What the task asks
Could you retype every line below exactly, omitting the images?

Available data
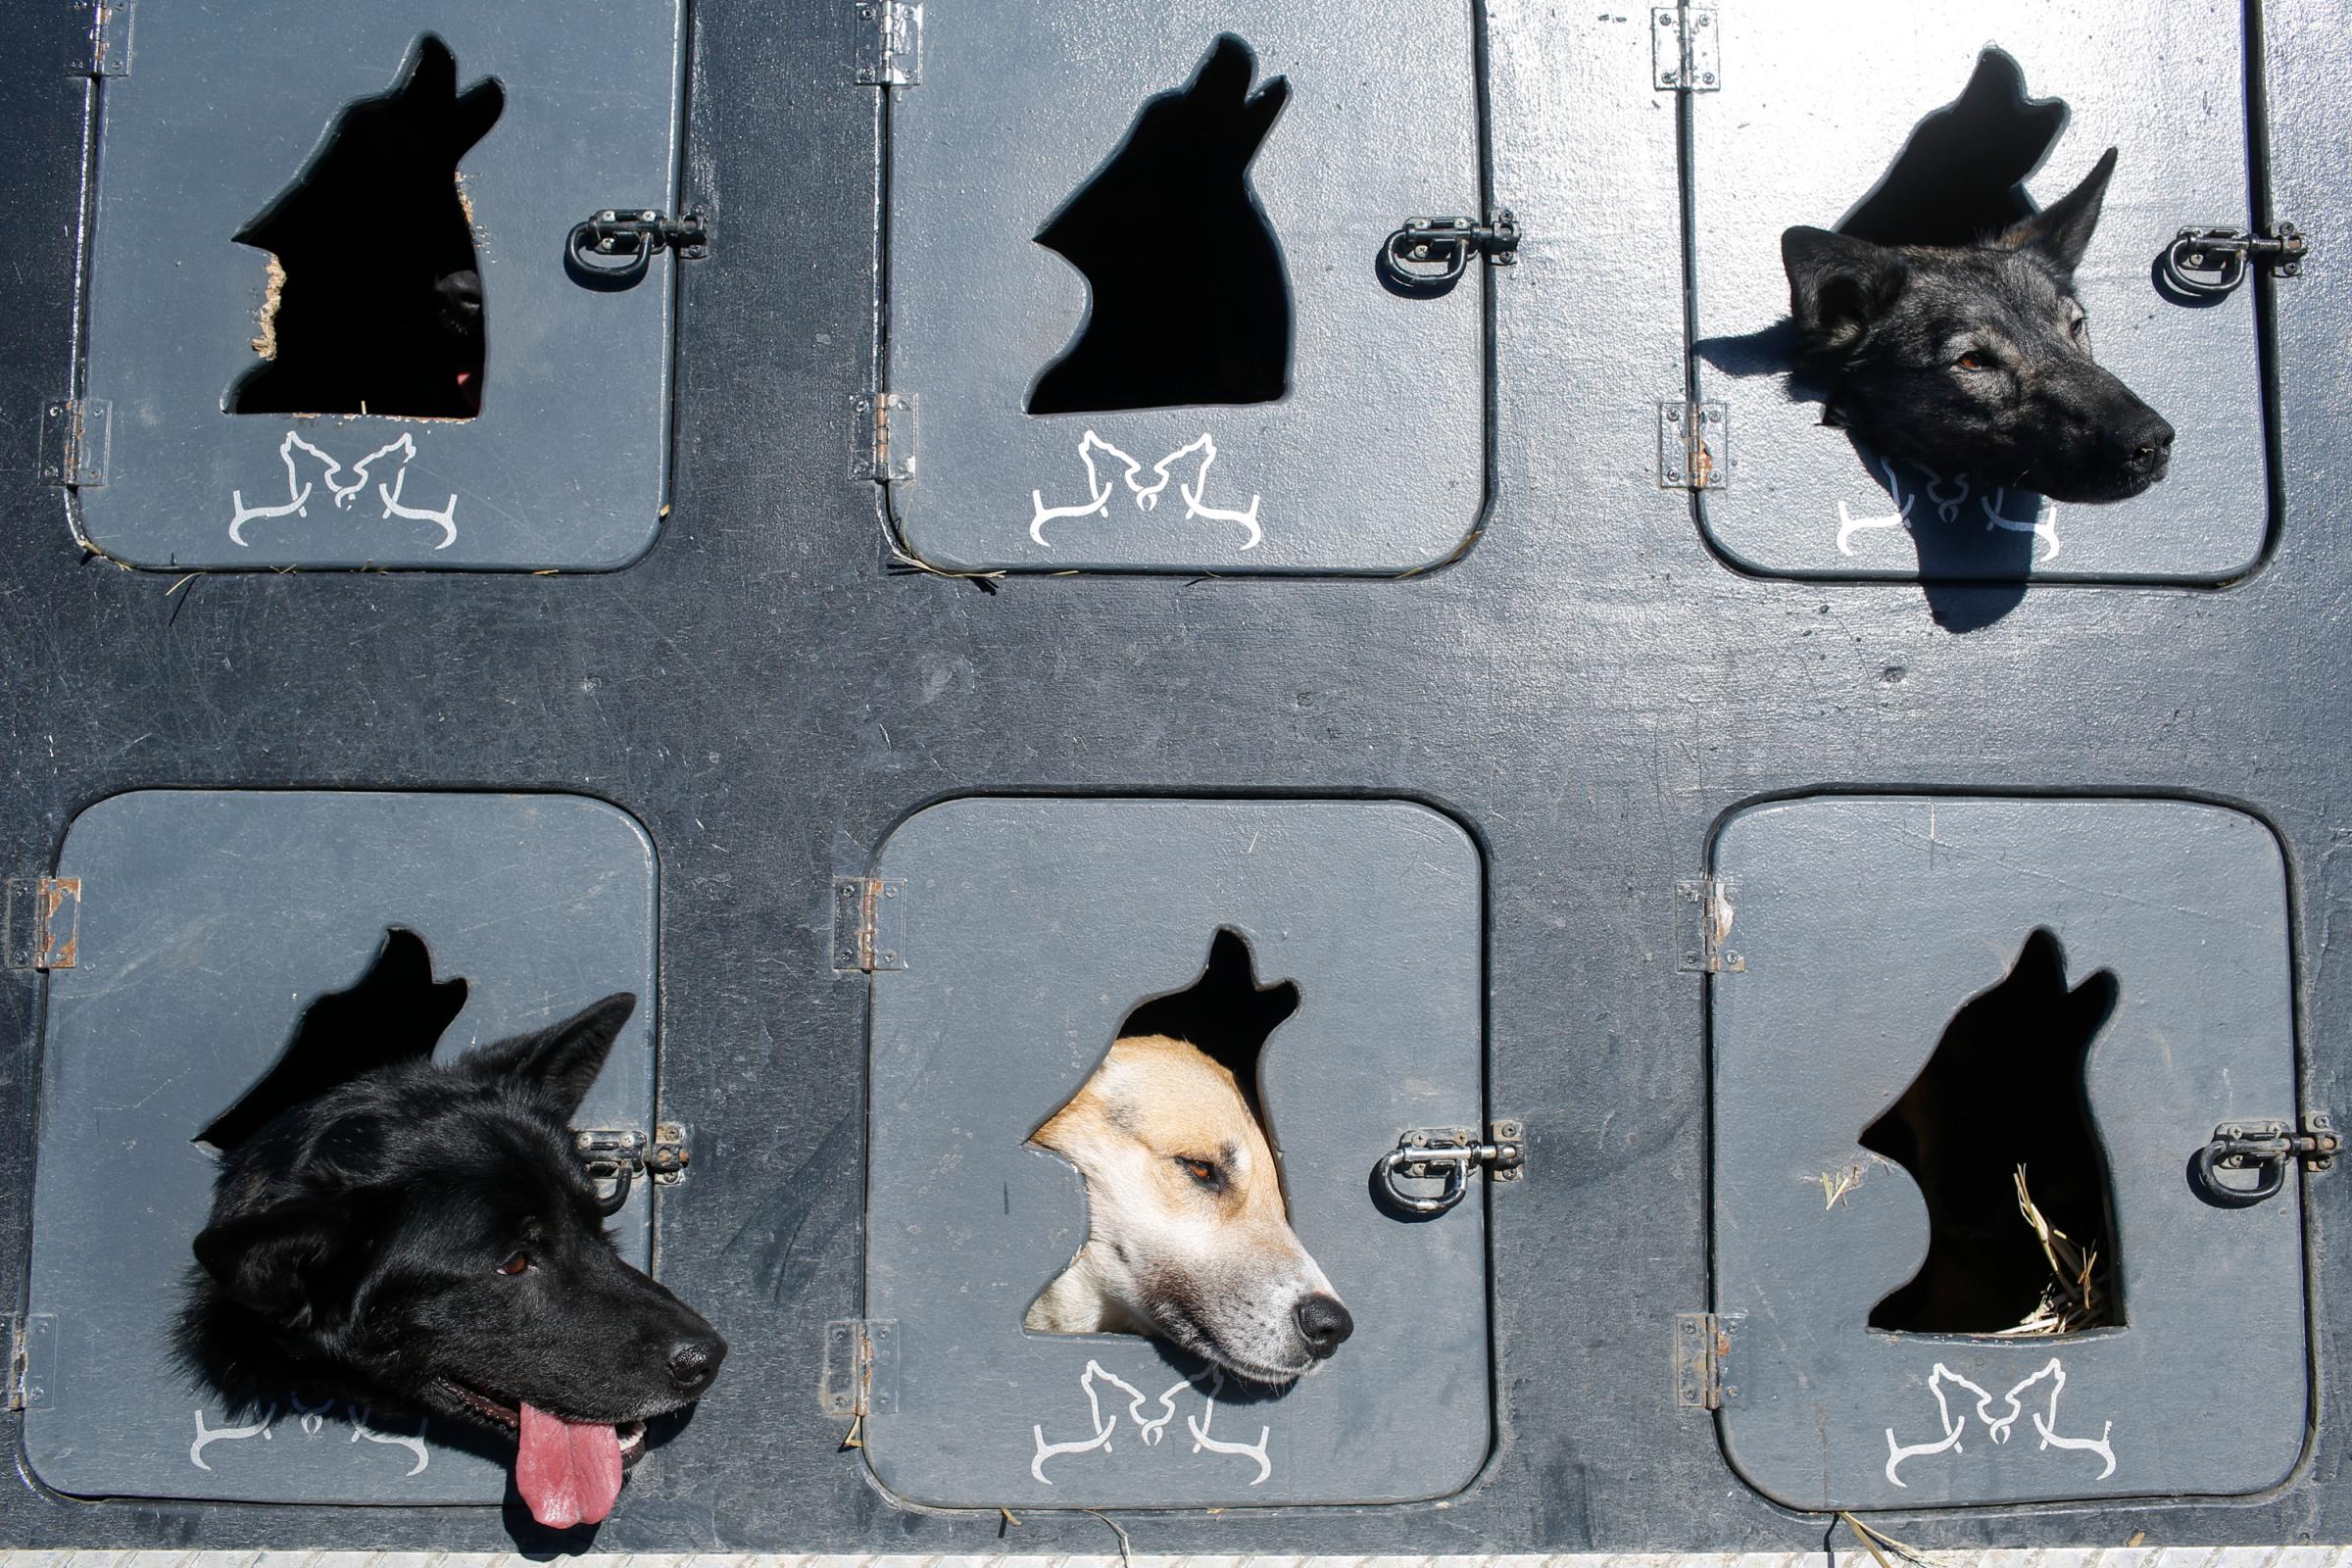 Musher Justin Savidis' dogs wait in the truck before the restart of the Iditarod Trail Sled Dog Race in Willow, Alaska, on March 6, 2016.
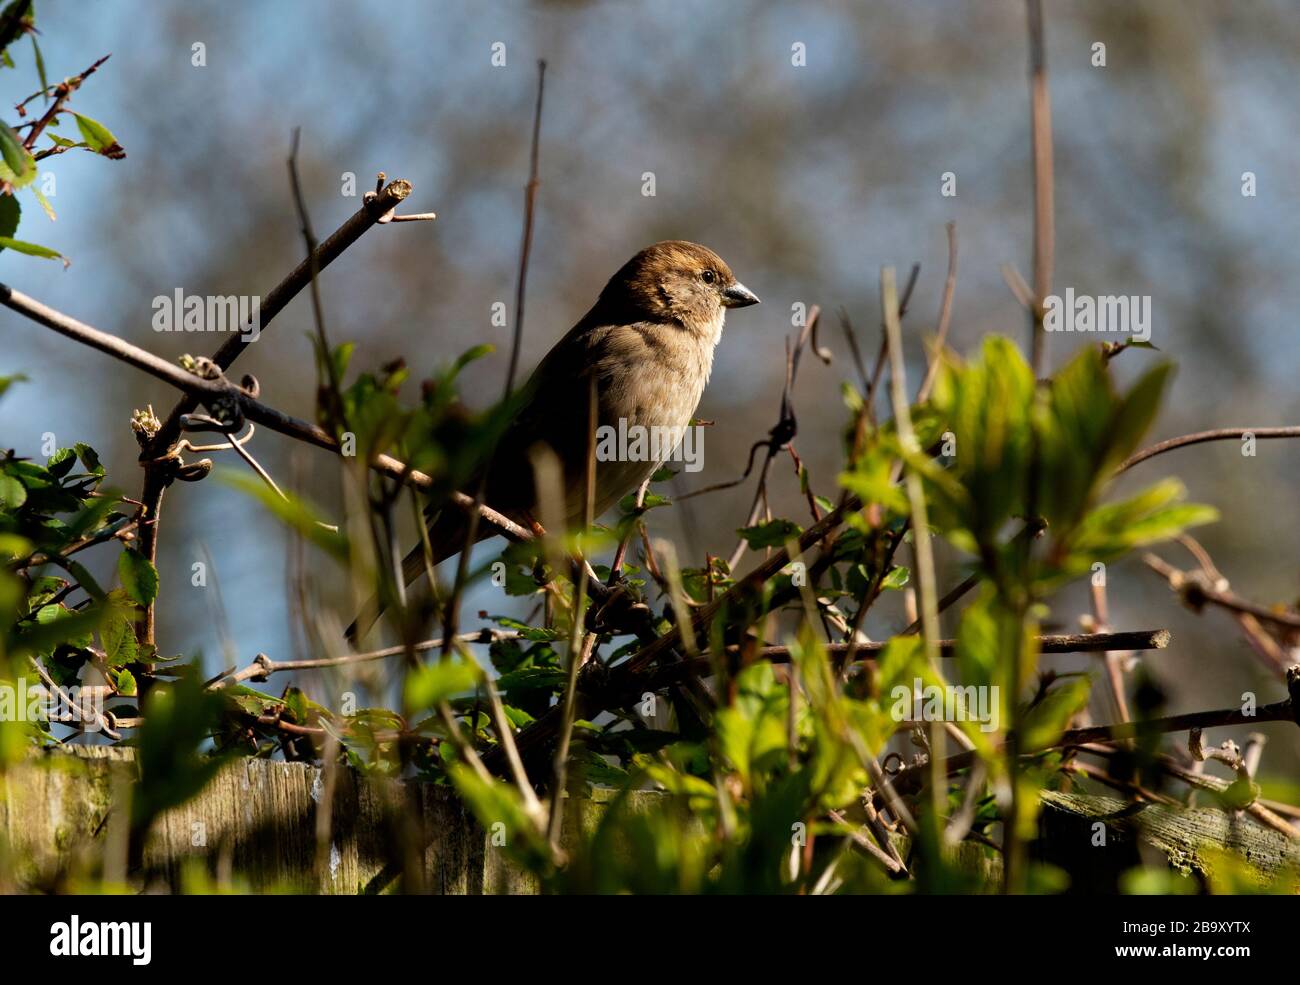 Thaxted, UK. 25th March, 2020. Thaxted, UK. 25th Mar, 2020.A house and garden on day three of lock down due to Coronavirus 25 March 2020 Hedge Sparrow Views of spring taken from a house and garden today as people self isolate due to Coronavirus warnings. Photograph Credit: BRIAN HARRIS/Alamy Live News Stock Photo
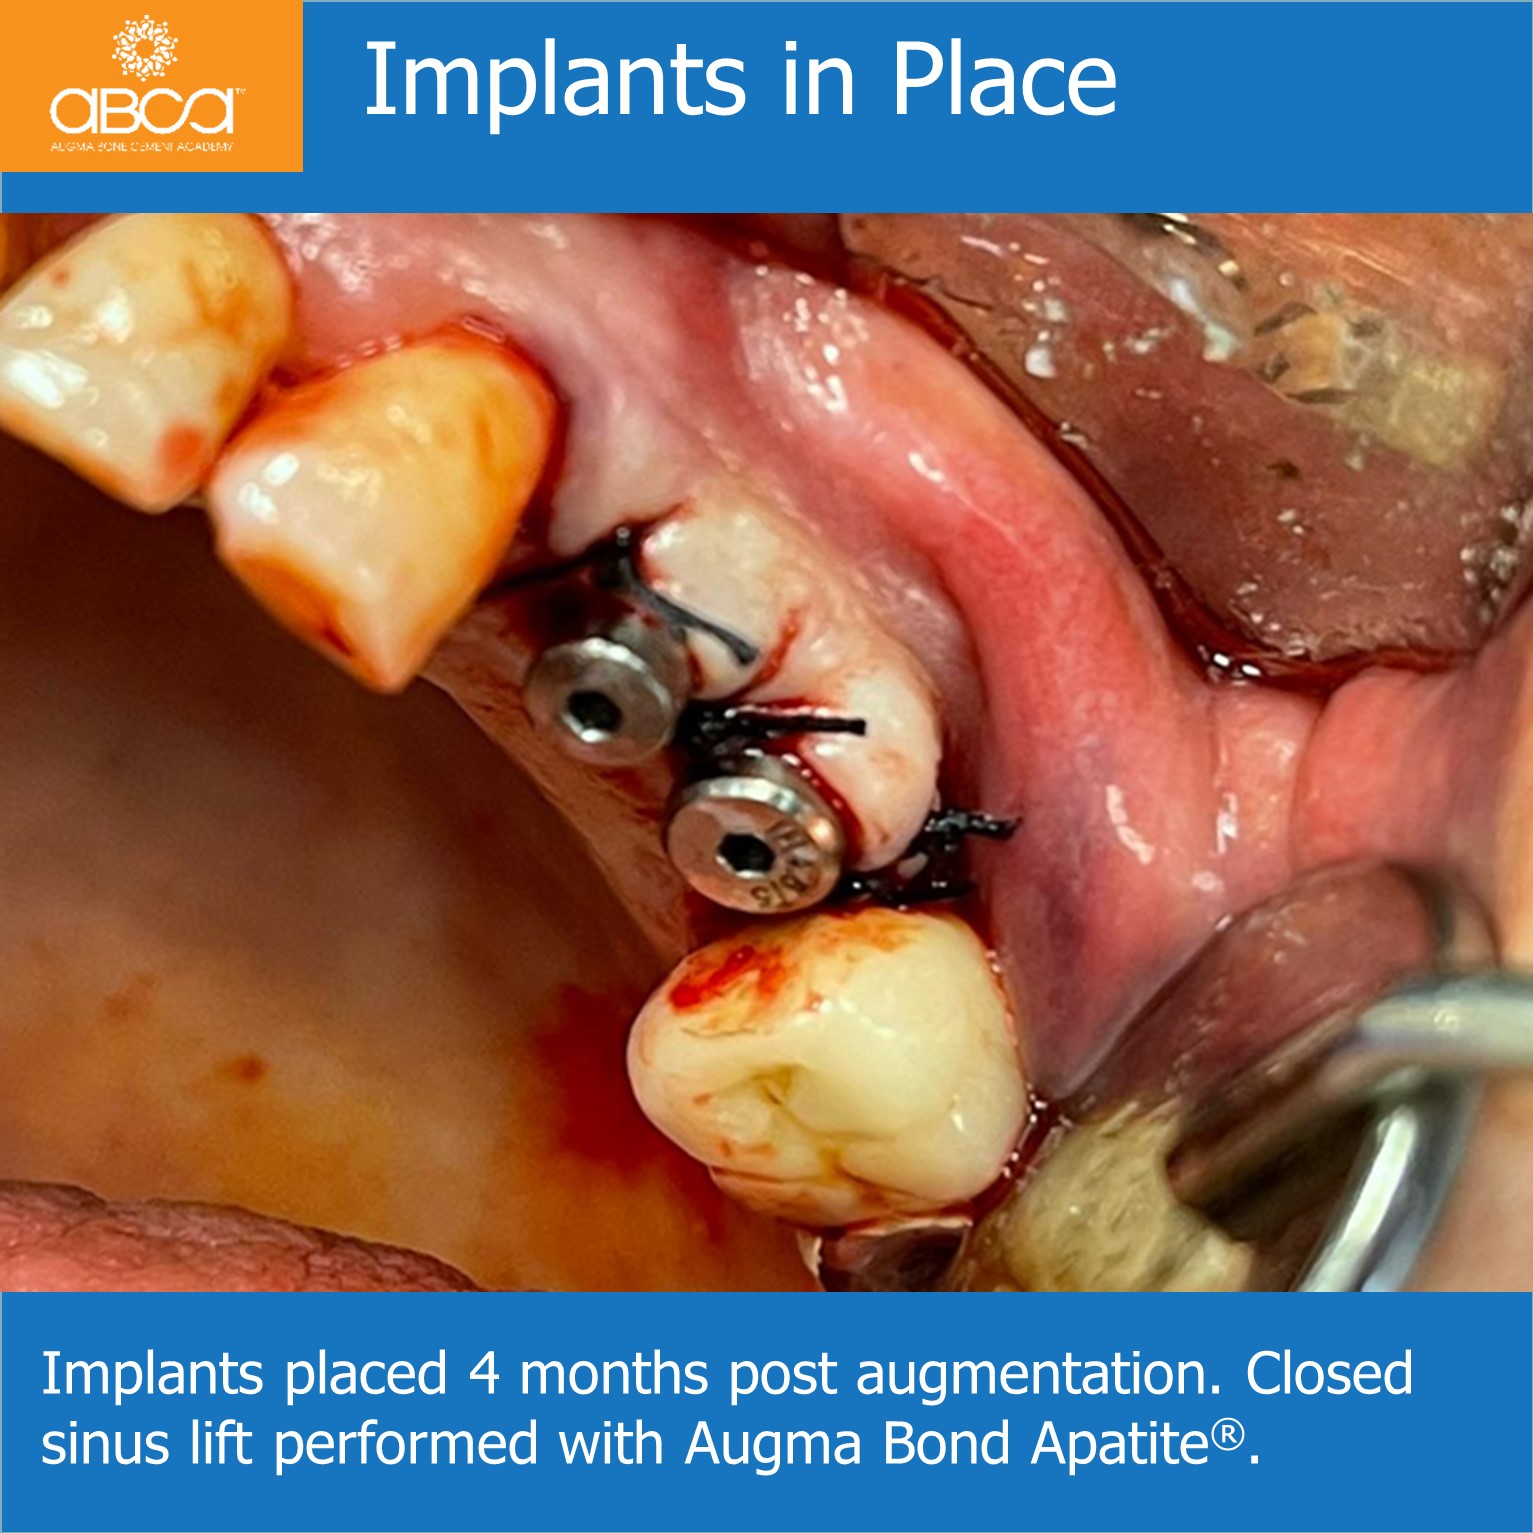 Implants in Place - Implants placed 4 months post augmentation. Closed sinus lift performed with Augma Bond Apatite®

Result of the exercise
 Musher Justin Savidis' dogs wait in the truck before the restart of the Iditarod Trail Sled Dog Race in Willow, Alaska, on March 6, 2016.
 Thaxted, UK. 25th March, 2020. Thaxted, UK. 25th Mar, 2020.A house and garden on day three of lock down due to Coronavirus 25 March 2020 Hedge Sparrow Views of spring taken from a house and garden today as people self isolate due to Coronavirus warnings. Photograph Credit: BRIAN HARRIS/Alamy Live News Stock Photo
 Implants in Place - Implants placed 4 months post augmentation. Closed sinus lift performed with Augma Bond Apatite®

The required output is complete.